Cache-Oblivious Algorithms

The idea behind cache-oblivious algorithms is efficient usage of processor caches and reduction of memory bandwidth requirements. Both things are equally important for single-threaded algorithms, but especially crucial for parallel algorithms, because available memory bandwidth is usually shared between hardware threads and frequently becomes a bottleneck for scalability. The name may be somewhat misleading, because they are not oblivious of the fact of presence of caches (just the opposite), they are oblivious of particular cache hierarchy and cache parameters and make efficient use of whatever cache hierarchy/parameters.

In order to understand what it's all about, let's consider a typical cache structure in modern computers:

Yes, in some sense memory is no more than a cache for slow disks (while disks are caches for network or whatever). Each lower level is more expensive and thus has lower capacity, however it's also faster and in particular has significantly lower access latency. L1 cache typically has latency of a few processor cycles, and at large each subsequent level has roughly order of magnitude larger access latency.

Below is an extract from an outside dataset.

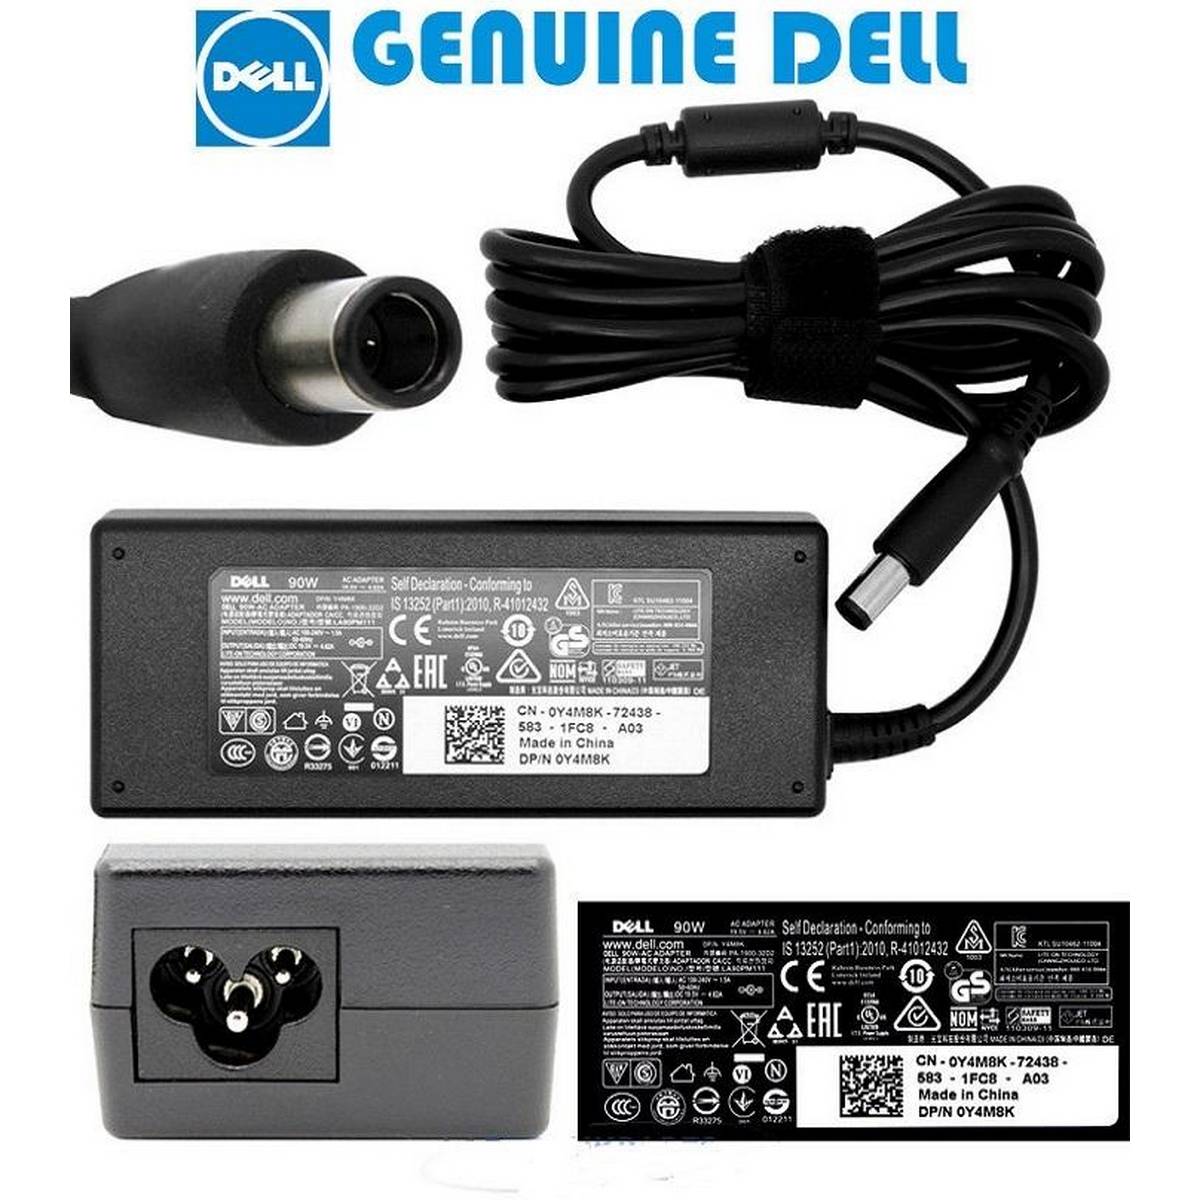 DELL Laptop Charger for Latitude with Power Supply

There is an another dimension in the structure - some caches are private to cores, while others are shared between several cores. There is usually an L1 cache (and potentially L2) per each core in modern processors. While L3 cache currently is usually shared between all cores in a processor.

So, without loss of generality let's consider a bit simpler structure:

Here I use terms "cache" and "memory" in a generalized sense, they may represent real L3 cache and memory, or L1 cache and L2 cache, or memory and disk and so on (in reality the scheme is actually applied several times recursively). So, we assume that "cache" is fast and private, while "memory" is slow and shared, and hereinafter we will analyze and optimize accesses to slow shared memory.

Now let's consider the following problem. We have an array of N elements, and want to apply a pairwise predicate to each possible pair of elements:

struct item_t

{

uint64_t x;

uint64_t y;

};

bool predicate(item_t const* i1, item_t const* i2)

{

return ((i1->x + i2->y) * i2->x == (i1->y + i2->x) * i2->y);

}

std::vector<item_t> data (N);

The straightforward way to accomplish the task is to use doubly nested loops, and the straightforward way to parallelize it is to put "#pragma omp parallel for" over the outer loop:

size_t kernel(item_t const* begin1, item_t const* end1,

item_t const* begin2, item_t const* end2)

{

size_t count = 0;

for (item_t const* pos1 = begin1; pos1 != end1; pos1 += 1)

{

for (item_t const* pos2 = begin2; pos2 != end2; pos2 += 1)

{

if (predicate(pos1, pos2))

count += 1;

}

}

return count;

}

size_t calculate_straightforward_parallel(item_t const* begin, size_t count,

unsigned thread_count)

{

size_t res = 0;

# pragma omp parallel for reduction(+:res) num_threads(thread_count)

for (int i = 0; i < (int)count; i += 1)

res += kernel(begin + i, begin + i + 1, begin, begin + count);

return res;

}

Let's analyze number of memory transfers MT(N) between memory and cache. It's quite evident that MT(N)=(N2/B), where B - is size of the block used for transfers (cache line size), that is, we are reloading whole array on each iteration of the inner loop (I assume that data do not fit into cache entirely). So, is it good or not? If we compare it to computational complexity O(N2), we may conclude that it is not all that bad. In the end we are doing O(1/B) memory transfers per unit of computations, that is, we perfectly exploit spatial locality - once a cache line is loaded we use all data contained in it.

Let's take a look at the performance graph on a 4 processors x 4 cores AMD machine (dataset size is 150K elements):

As can be seen, scalability beyond 3 threads is mediocre, and no scalability beyond 9 threads. What is the reason? The reason is that all threads constantly access memory which is a shared resource (read - potential bottleneck). Indeed, each thread must do a memory transfer each B computations.

So, what we've missed during design of our algorithm? We've missed possibility of data reuse in cache based on temporal locality. That is, once we've loaded some data into cache we want do as much computations on it as possible (ideally, all). And here cache-oblivious algorithms kick into action.

Cache-oblivious algorithms work by recursively dividing a problem's dataset into smaller parts and then doing as much computations of each part as possible. Eventually subproblem dataset fits into cache, and we can do significant amount of computations on it without accessing memory:

Note that we don't need to know exact cache hierarchy/parameters for it to work. We just recursively divide a dataset, and it inevitably eventually fits into L3 cache, then into L2 and then into L1. Also note that when we've done with a part that fits into L1, we need to load a new part into L1, but the load is satisfied from L2 rather than from memory (and the same for L2). So such recursive division automatically optimally exploits whatever cache hierarchy we have.